Gadhafi’s death  spurred enquires  at  the Philippine Overseas Employment Administration (POEA)  from Filipinos chafing to get jobs in Libya. No one knows how long it will take time for Libya to normalize. To prevent  reckless stampedes, the   President may have to use his   +44 percent  support  from OFWs, shown in  the latest SWS survey.

Libya is only one country in a  vast  region where the next  unpredictable chapter of the Arab Spring  is now unfolding. Gadhafi,  Mubarak, Ben Ali   were in power collectively for 95 years.
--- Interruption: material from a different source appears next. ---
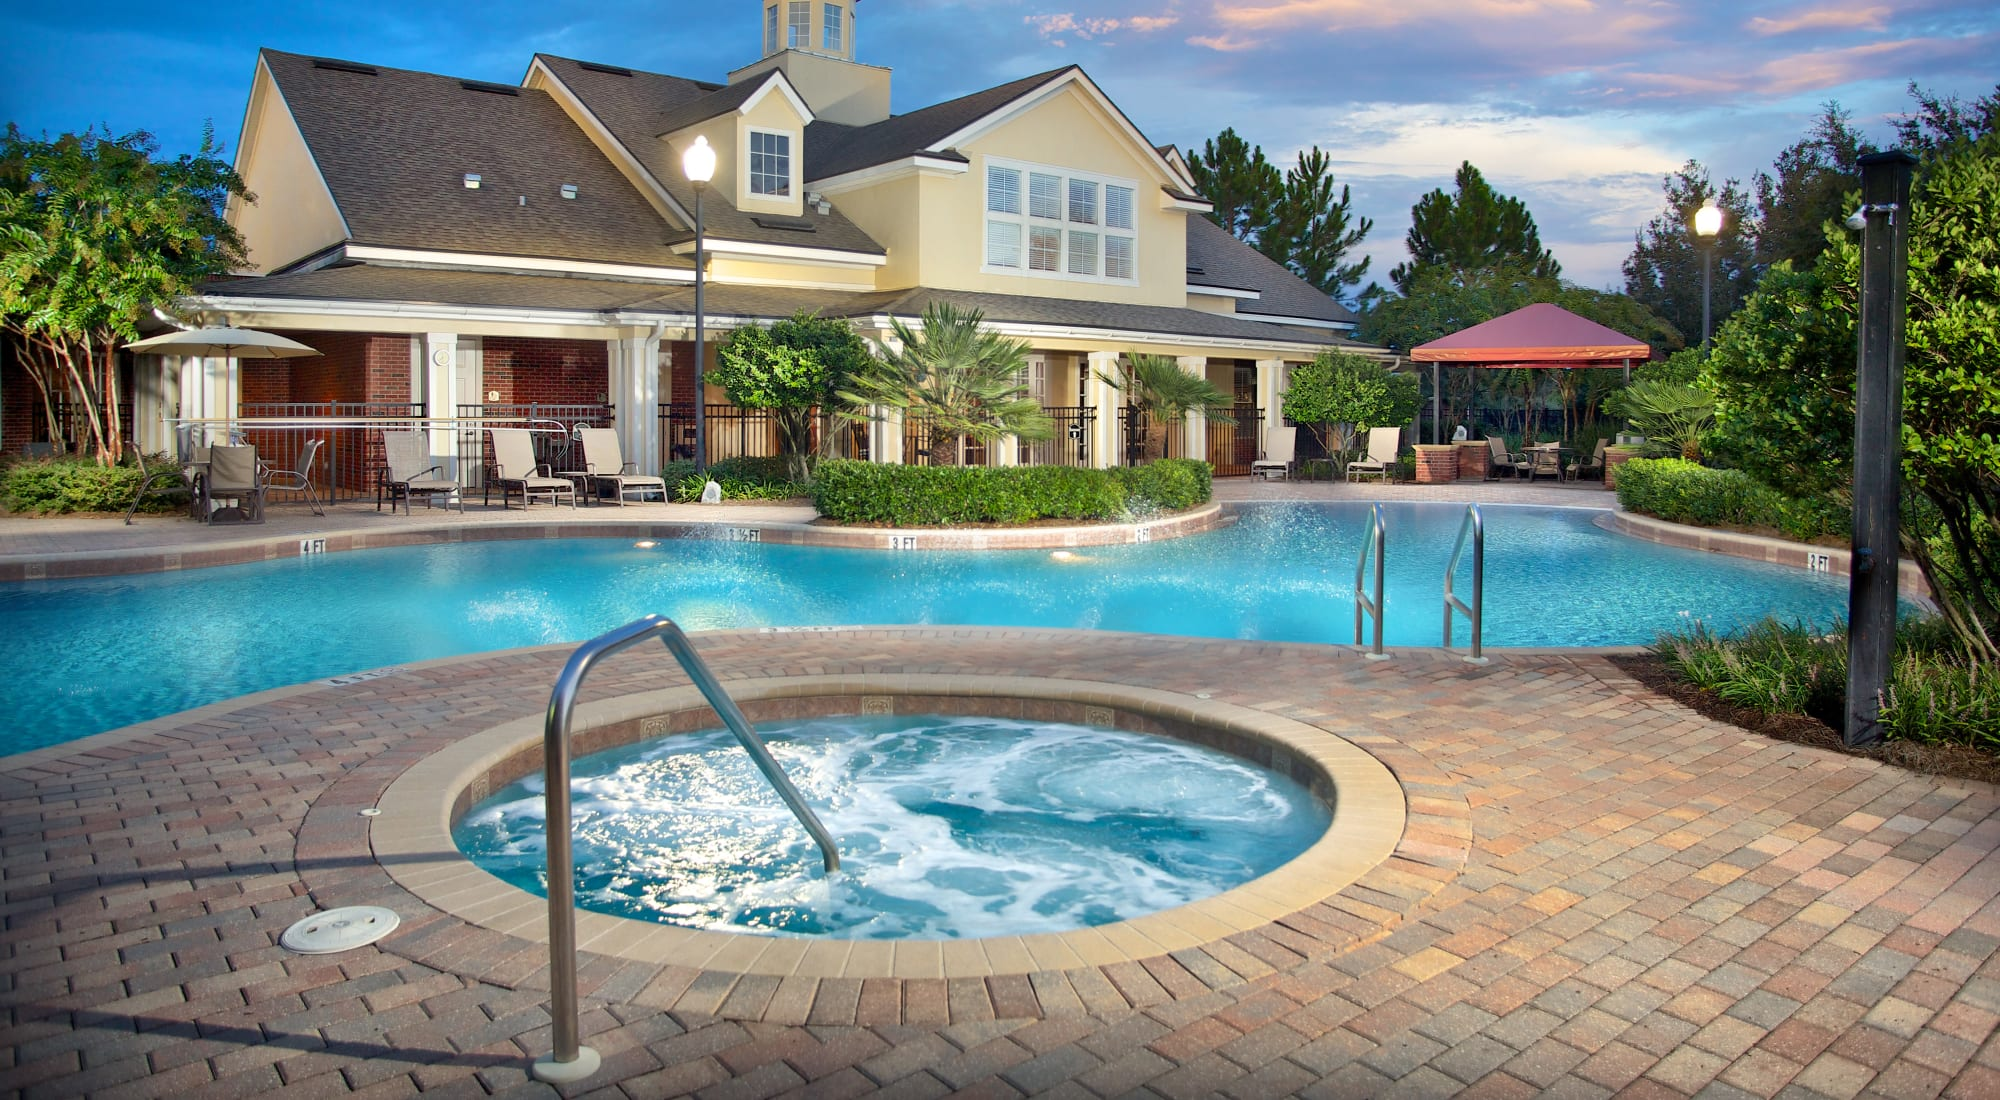 Apartments at Provenza at Southwood in Tallahassee, Florida

Now they’re  in history’s dustbin.

“Kings Abdullah of Jordan and Mohammed of Morocco are  trying to stay ahead of the curve of protest,” CNN notes. The 85-year-old crown prince of  Saudi Arabia has died.  Geriatrics spurs  transition of power  there.

Bashar al-Assad of Syria and Ali Abdullah  Saleh  of Yemen cling to power by simply killing more of their people. That is a dead end.

“2011 is to the Arabs what 1989 was to the communist world,” writes  Hoover Institution senior fellow Fouad Ajami. “The Arabs are now coming into ownership of their own history and we have to celebrate.”

Two of 10 million Filipino OFWs are in the Middle East. Their lives, and  the future of  their families back home, twist  with the changes upending the sclerotic leadership of  the  Arab world. Libya was yesterday. Syria  and Yemen form the eye of  today’s storm.